I try to crawl rugdoc.io. When I do so manually, I first see a page which says Checking your browser. Just wait a moment. Then, after a second or so, the actual content gets displayed.
When I do so with selenium, I always stay on the wait a moment page.
How can it work manually but not with selenium? How can rugdoc.io know that the webpage is accessed automatically? Does selenium open Chrome with some extra options?
My code:
from selenium import webdriver
options = webdriver.ChromeOptions()
options.binary_location = "/Applications/Google Chrome.app/Contents/MacOS/Google Chrome"
driver = webdriver.Chrome(executable_path="/Users/lukas.denk/Downloads/chromedriver", chrome_options=options)
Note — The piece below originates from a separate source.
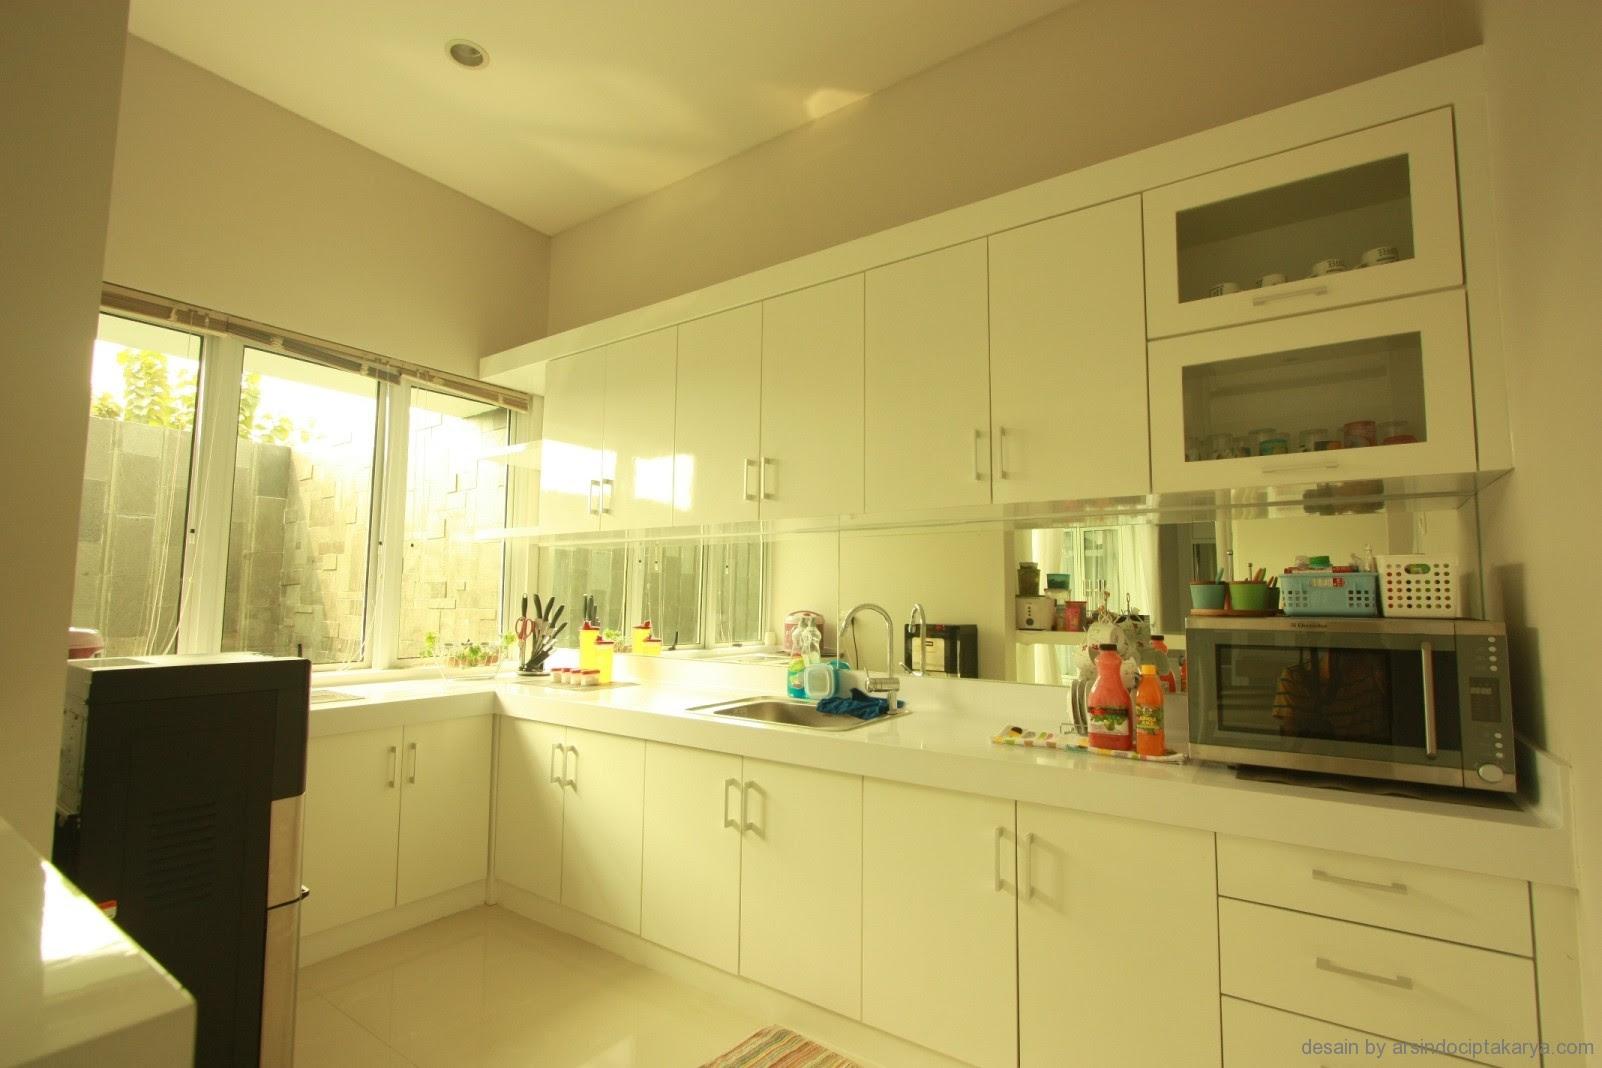 Desain Pantry Dapur Untuk Konsep Interior Rumah Atau Kantor Anda

driver.get("https://rugdoc.io/")
time.sleep(10)
#still the "just wait a moment" webpage
loaded_webpage_should_be_here=driver.page_source
Chrome version: 100.0.4896.127 (arm64).
ChromeDriver version: 100.0.4896.60.
MacOs: 12.3.1 - with M1 Max.
selenium version: 4.1.3.
Python version: 3.8
EDIT: It may have sth to do that selenium has problems with webpages that are redirecting to another webpage (see e.g., here). When I visit rugdoc.io, it seems to redirect me to https://rugdoc.io/?__cf_chl_tk=hkaULMeBxwgnTv0SgwmOY62fuDatlRLnupbDymXWWs0-1650454179-0-gaNycGzNBpE and then back to rugdoc.io.
However, the solution in the stackoverflow link proposes to use a driver.navigate().to() function which does not exist in the python selenium.